- Opening Delimiter -
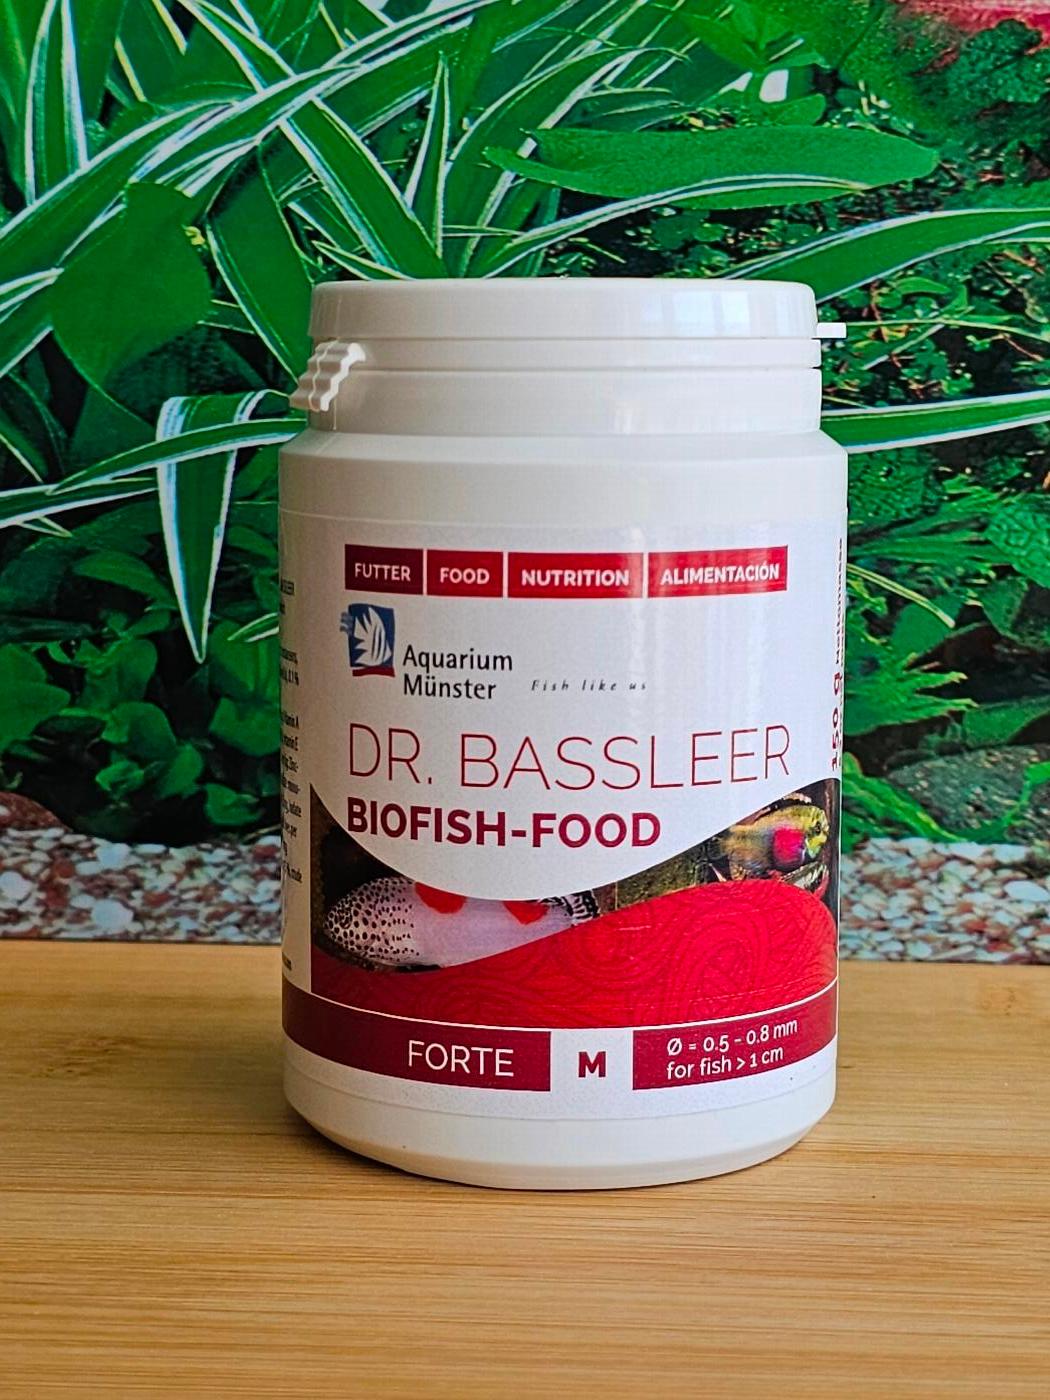 Dr. Bassleer Biofish-Food FORTE M
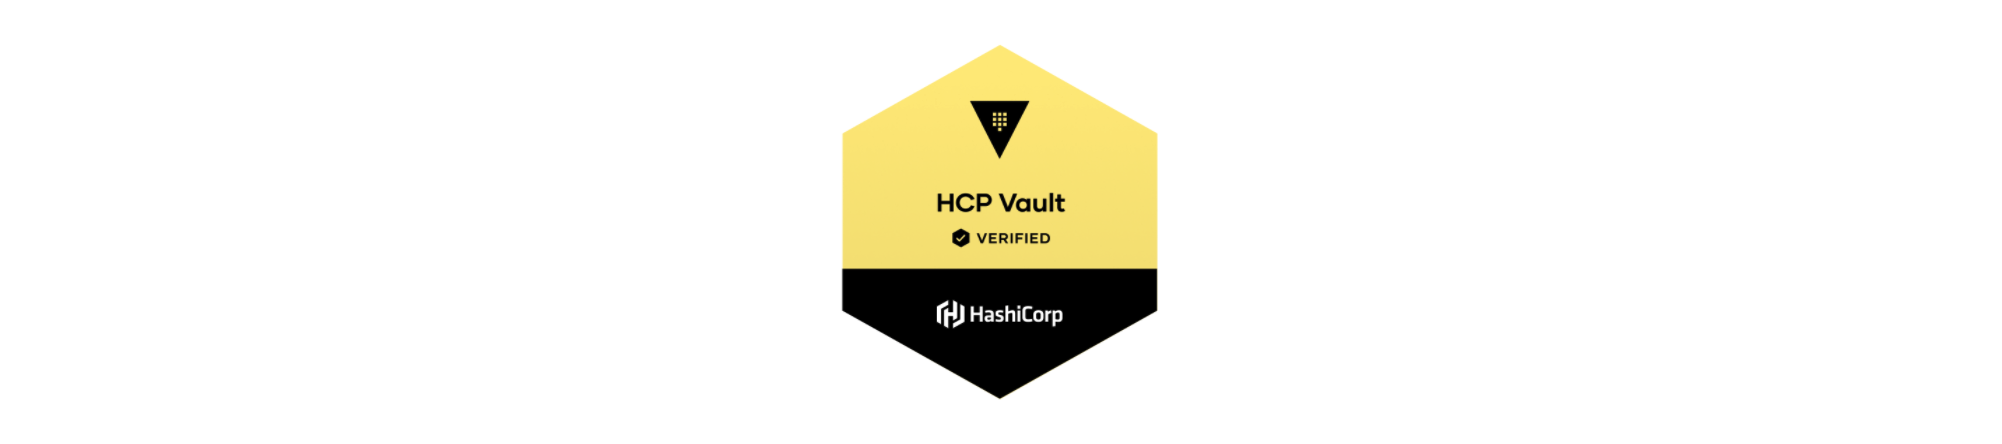 HCP Vault verified badge.
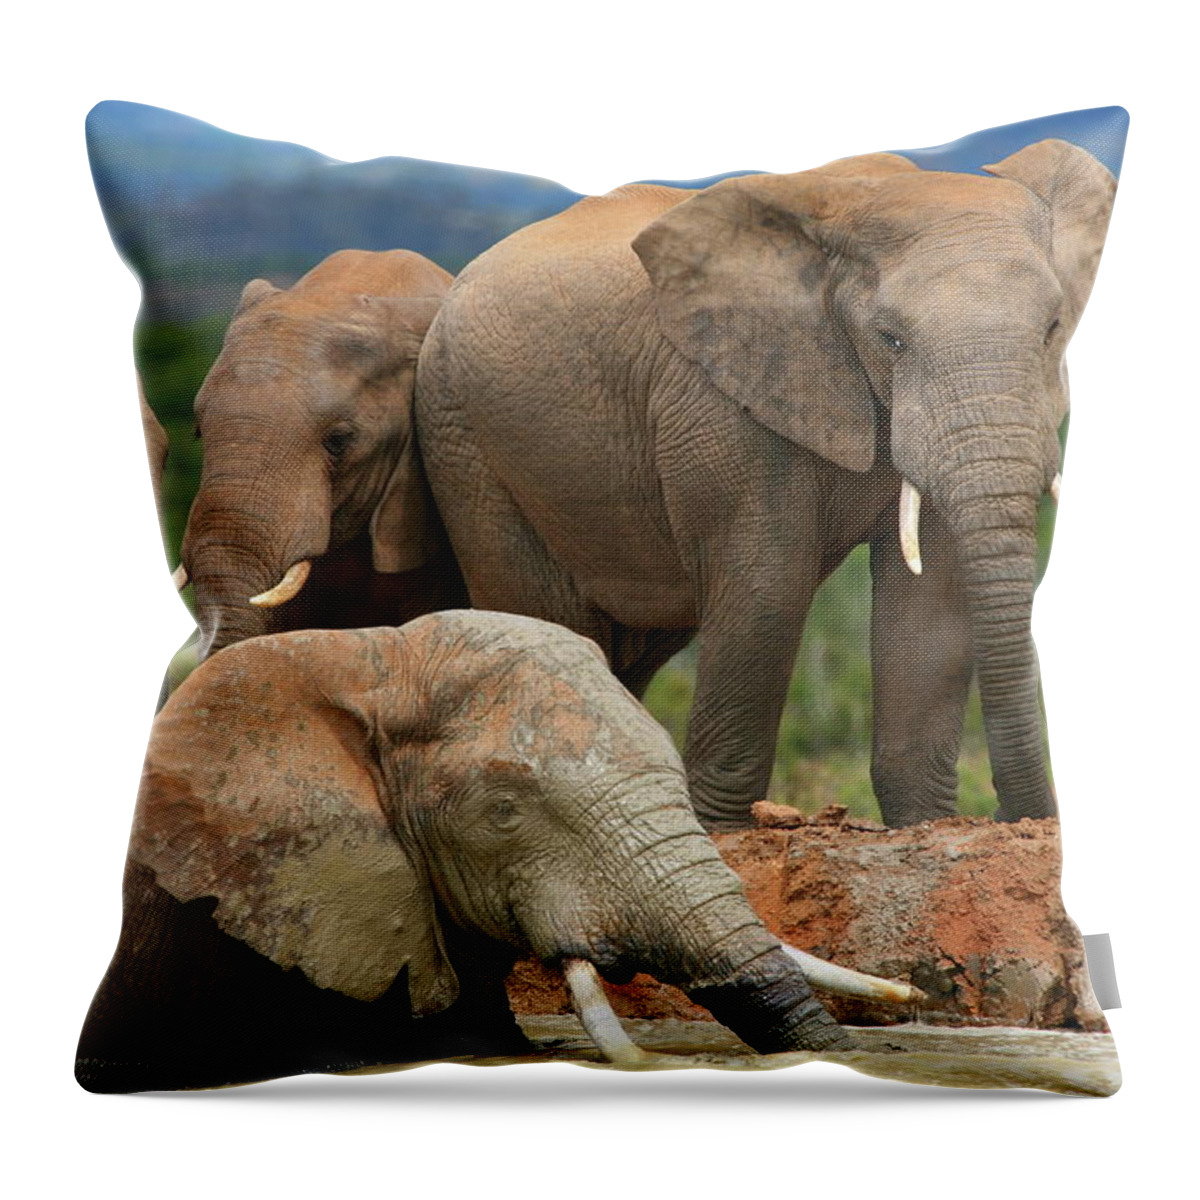 Elephant Throw Pillow featuring the photograph Elephant Bath by Bruce J Robinson
- Closing Delimiter -
Omitting all images, print the listing exactly.

 Dr. Bassleer Biofish-Food FORTE M
 HCP Vault verified badge.
 Elephant Throw Pillow featuring the photograph Elephant Bath by Bruce J Robinson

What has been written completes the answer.